She laughed. “He needs only one.”

He rubbed his hand along his unshaved jaw. “This is going to take some thought.”

The Etruscans had a custom that a newborn infant should not be named until seven days had passed. “On the eighth day,” Turms told Arthur, “the child receives his name. This is a very old tradition. The eighth day-it is the most propitious day for naming, beginning a new venture, or undertaking a journey.”

Arthur liked that idea, since it allowed him plenty of time to think. It did not, however, make the thinking any easier. In his search, he conjured before him the faces of all his male ancestors-all those he could remember, alive or dead-to see if any of them had qualities he admired and whose names he might borrow and commemorate. This proved a useful exercise, but all the time devoted to the project failed to bring him any closer to a final decision.

When, after four days had passed, Xian-Li asked him what he was thinking, he was forced to admit that while he had begun drawing up a list, he had not yet chosen a name. He told her what Turms had said about refraining from conferring a name until seven days had passed. She accepted this, but warned, “Ponder as much as you like, but you have only four more days.”

His ruminations carried him to the final hour of the final day. “The king has asked me to inform you that tomorrow morning at sunrise we will hold the naming ceremony,” the king’s chief housekeeper told him. “I am to come and wake you at the appropriate time.”

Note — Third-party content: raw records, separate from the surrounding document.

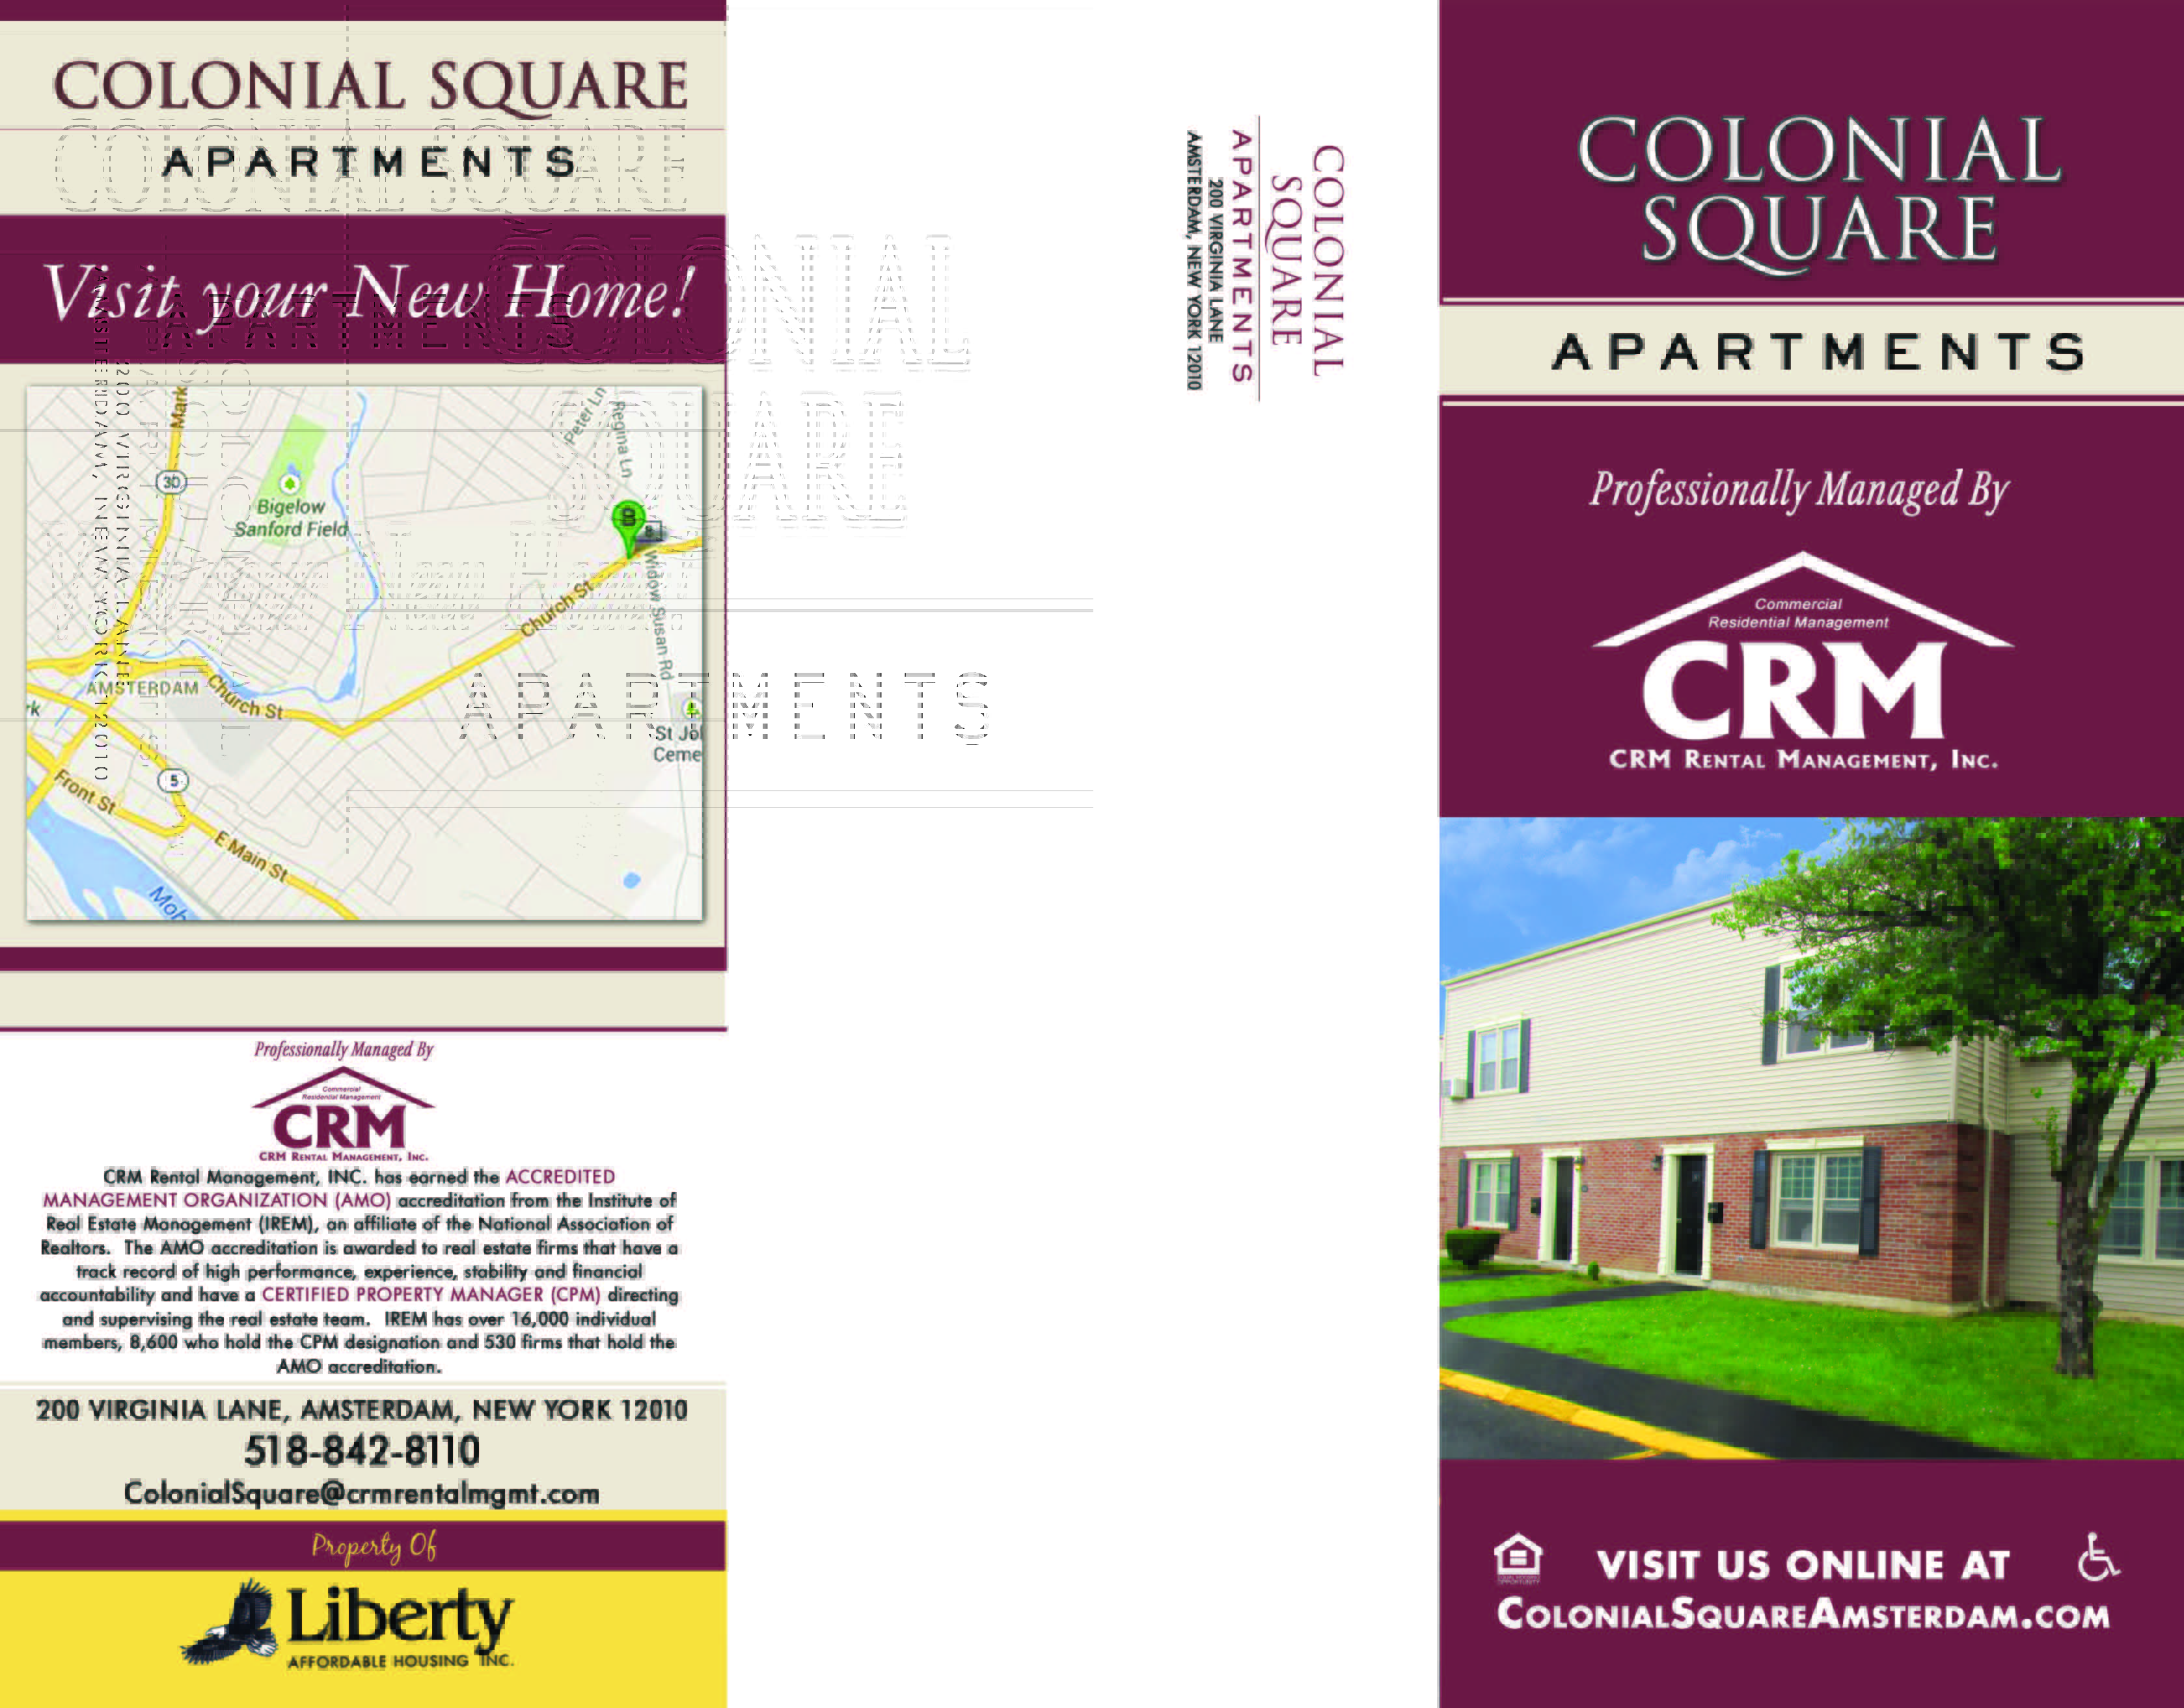 Colonial Square Brochure Page 1 of 2 
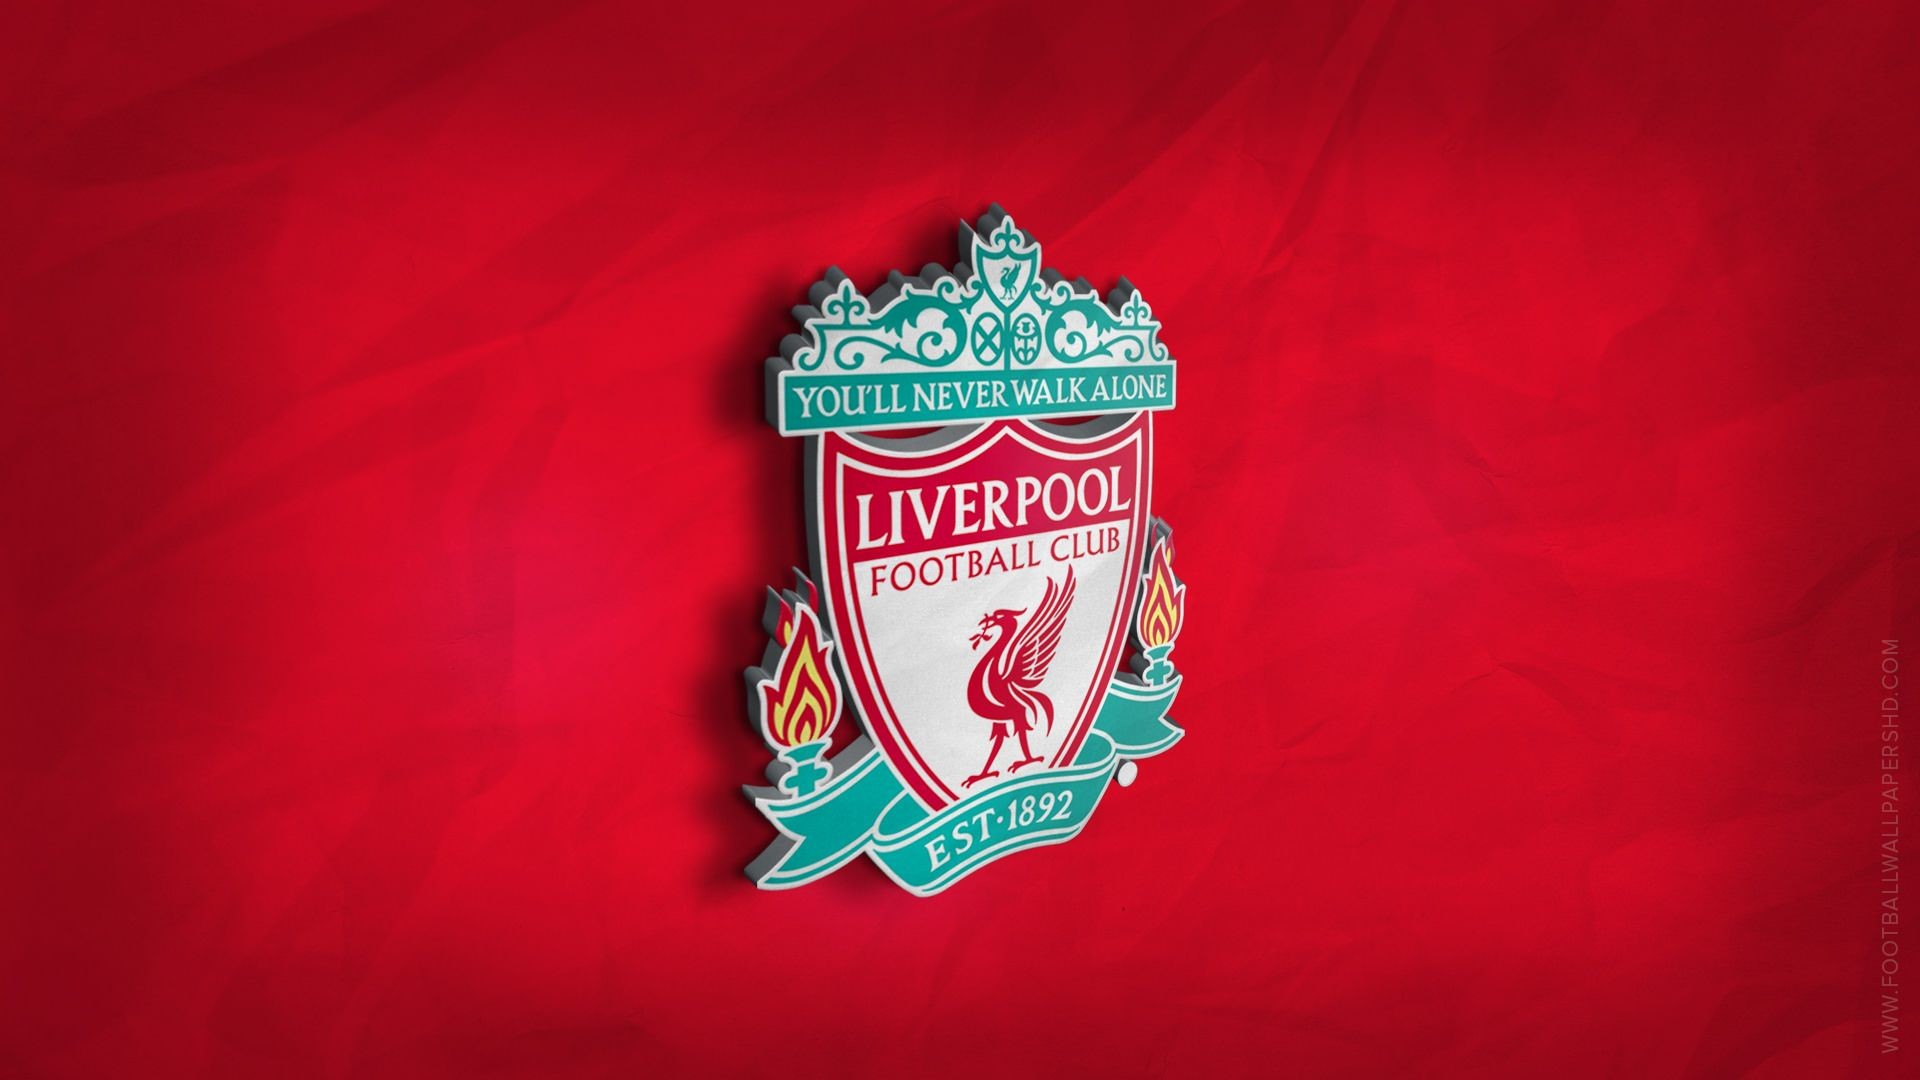 1920x1080 Here HDWallCentral offers a collection of images regarding LIVERPOOL  (ENGLISH PREMIER LEAGUE).
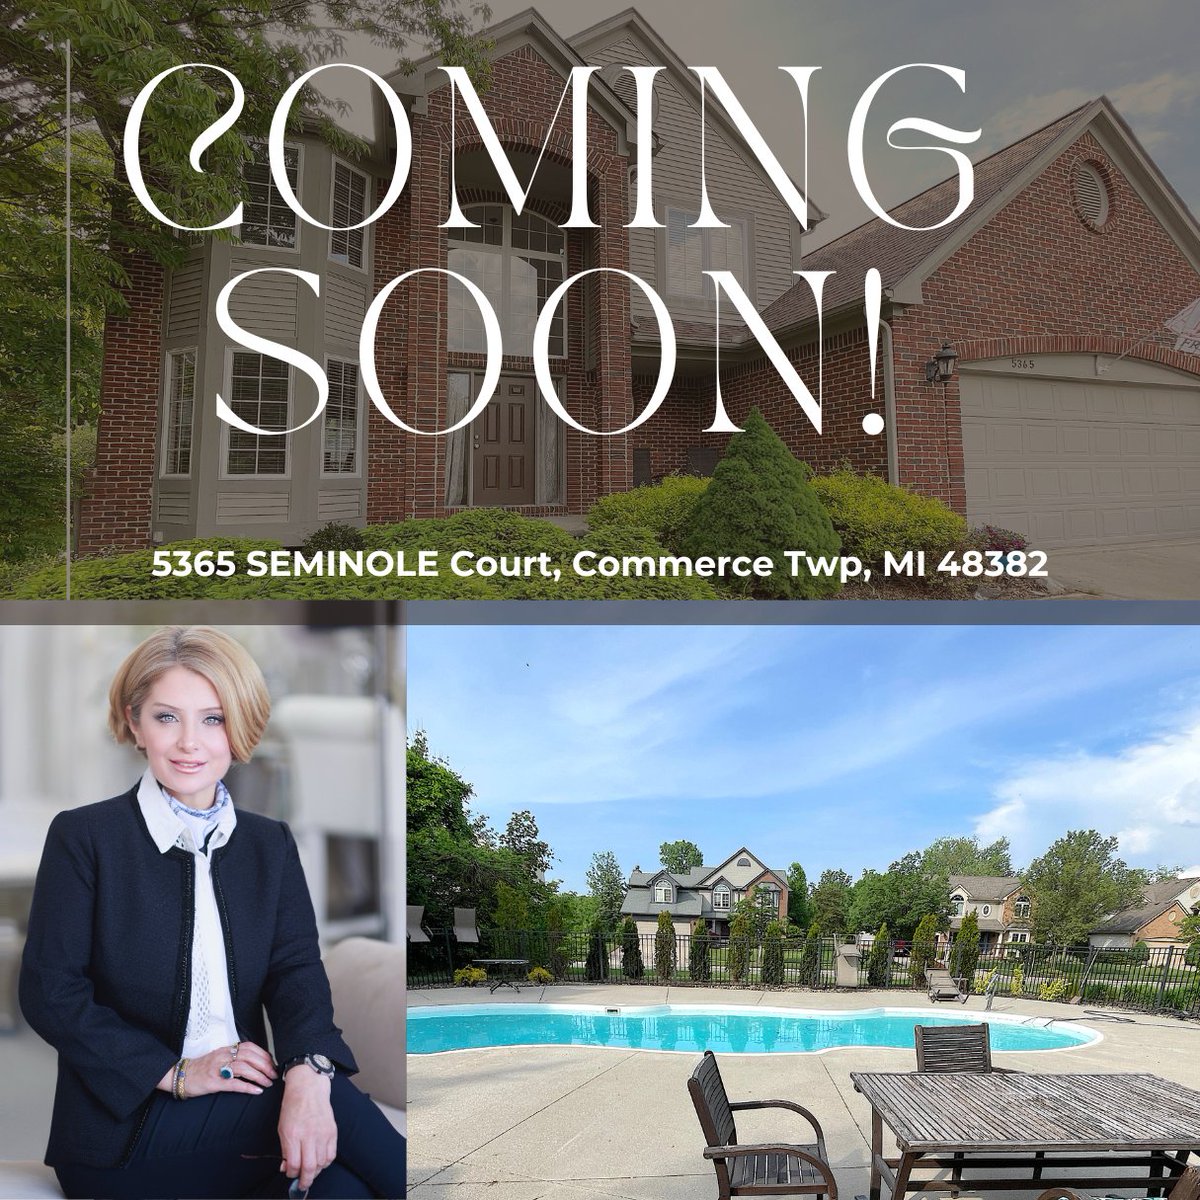 🌟 Coming Soon! 🌟 5365 SEMINOLE Court, Commerce Twp - Discover your dream home in The Ponds at Beacon Hill, a prestigious golf community! 
#DreamHome #ComingSoon #GolfCommunity #ModernLiving #LuxuryLiving #RealEstate #CommerceTwp #HomeForSale #PoolHouse #FamilyHome #ContactMe

“Ah,” replied Arthur, wondering where the days had flown. “Thank you, Pacha. Please, tell the king we will be ready.”

So, as the night ended and the moon began to set over the Tyrhennian Sea, Arthur and Xian-Li walked down the moonlit path to the little temple at the bottom of the hill. Xian-Li carried the infant asleep in her arms. It was the first time she had been out since the baby was born, and it felt good to move and feel the soft night air on her face, and to see the world once again. Turms had come to see her several times since the birth, and she wanted to thank him for his thoughtfulness.

When they reached the temple, however, he was not there. In fact, no one was about except a young acolyte, who had been charged with the task of informing them that the naming ceremony would not take place in the temple. “I am to ask you to follow me,” he said. “It is not far. But there is a donkey ready if you would like to ride.”

“It feels good to walk,” Xian-Li said when Arthur had relayed the offer.

“Thank you, but we will walk,” Arthur told the youth. “Lead the way.”

They continued along the path towards the town and soon came to a small pillar standing to one side. The acolyte paused here and, turning to them, said, “They are gathered at the king’s tomb. It is on the sacred road.” Indicating the little pillar, he said, “You are to wash before you enter the sacred way.”

The top of the pillar had been hollowed into a shallow depression, and this was filled with water. The young man demonstrated how to make the symbolic gesture by dipping his hands and then passing them over his head and face. “Also the child,” he said when they had done as instructed. Xian-Li dipped her fingertips in the water and, pushing away the unruly shock of hair, dampened the child’s forehead and wet his curled little hands.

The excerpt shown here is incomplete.